En büyük zevkim kedi sevmeyenlerle uğraşmak. Kapıdan girer girmez bizi görünce, “ atlamazlar, ısırmazlar değil mi? “ diye sormuyorlar mı gıcık oluyorum. Kardeşim niye atlayayım ben sana? Sen bana dokunma, ben de sana dokunmam. Hafifçe ona doğru seğirtiriyorum bakalım ne yapacak diye. Kimi çığlık çığlığa, kimi hemen ayaklarını yukarı topluyor falan. Komikler yani. İstesem koltuğun üzerine atlayamaz mıyım? Öyle bir atlarım ki ama yapmıyorum. İstediğim etkiyi yaratmış olmanın keyfiyle dönüveriyorum. Annem zavallı, misafire ayıp olmasın diye bir gözü bende dinlemeye çalışıyor arkadaşını. Bazılarından öyle güzel bir koku yayılıyor ki, ayaklarına yatıveriyorum hatunun. Bayılıyorlar buna kadınlar. En kedi sevmeyeni bile etkileniyor benden. Zafer! Elde ettim işte birini daha.

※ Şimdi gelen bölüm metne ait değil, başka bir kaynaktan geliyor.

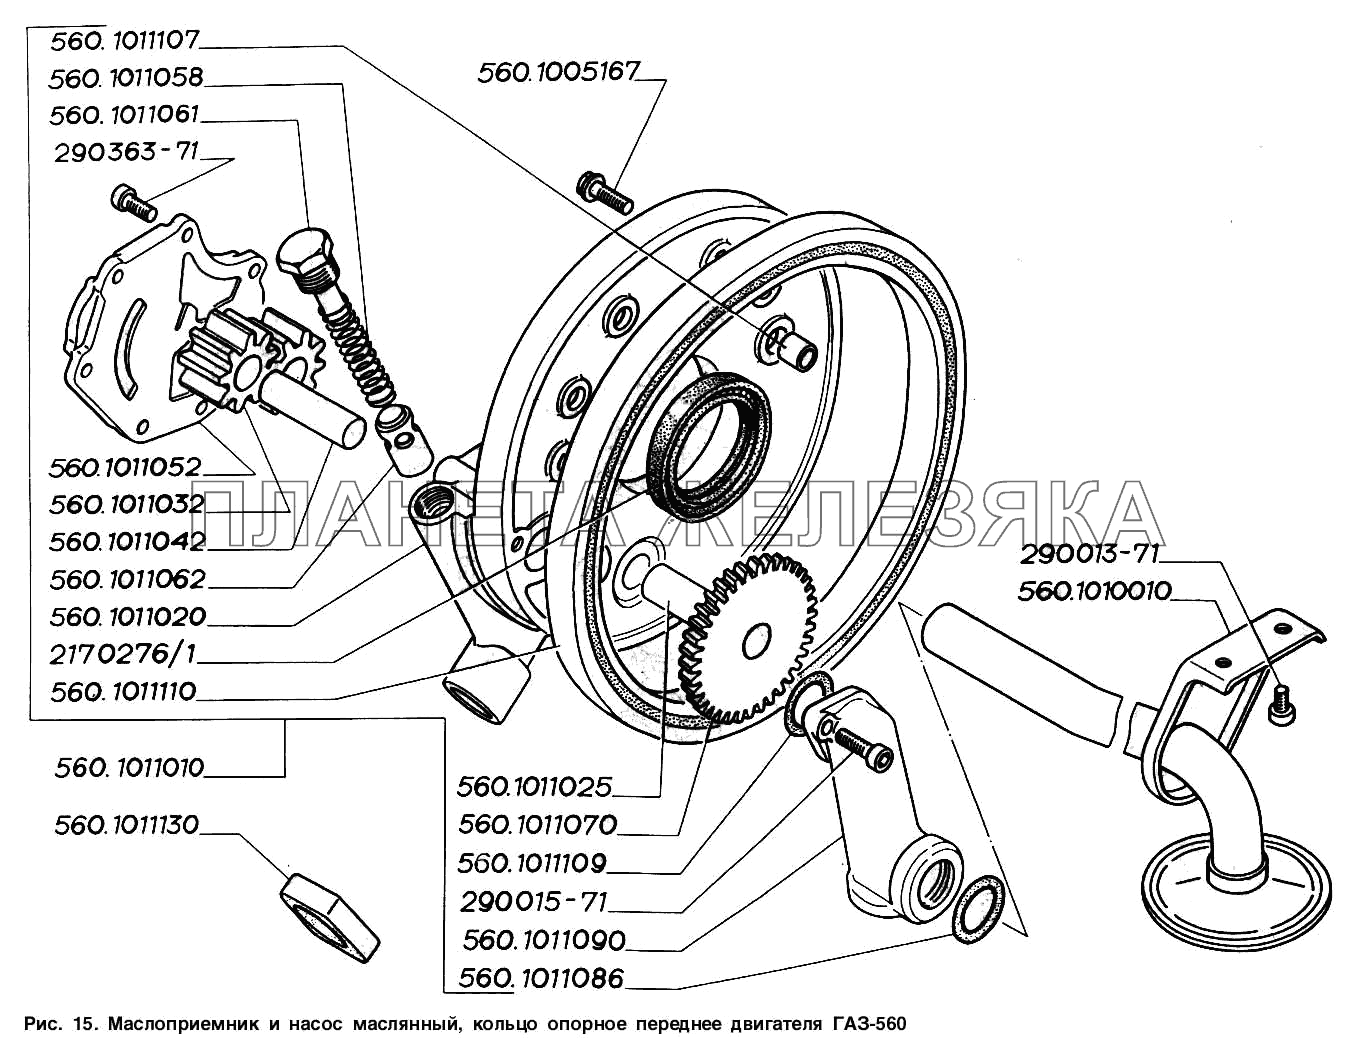 Маслоприемник и насос масляный, кольцо опорное переднее двигателя ГАЗ-560 ГАЗ-2217 (Соболь)

Annem iyidir. Ablam eve getirdiğinde pek istememişti beni ama yumuşak kalplidir. Hem ablama hem de bana kıyamadıydı. İki sene üçümüz yaşadıydık. Sonra pencereden bir dişi kediyle kurlaştığımı görünce onu da eve aldıydı annem. Öyle yumuşaktır yani. Mamamızı, suyumuzu hiç ihmal etmez. Koltuk üstü, yatak üstü oturmamıza ses etmez. Sevgisini esirgemez. En ufak keyifsizliğimizde endişelenir. Tek şikâyeti tüylerimiz. Ona da benim yapabileceğim bir şey yok. Dökülüyorlar işte. Ha bir de benim tırnaklarımı koltuk kenarlarında törpülememe çok kızıyor. Haklı haklı olmasına da koltuk kenarlarında tırnak törpülemenin keyfini de kedi tahtası tutmuyor yani. Hasır sandalyeler olabilir belki…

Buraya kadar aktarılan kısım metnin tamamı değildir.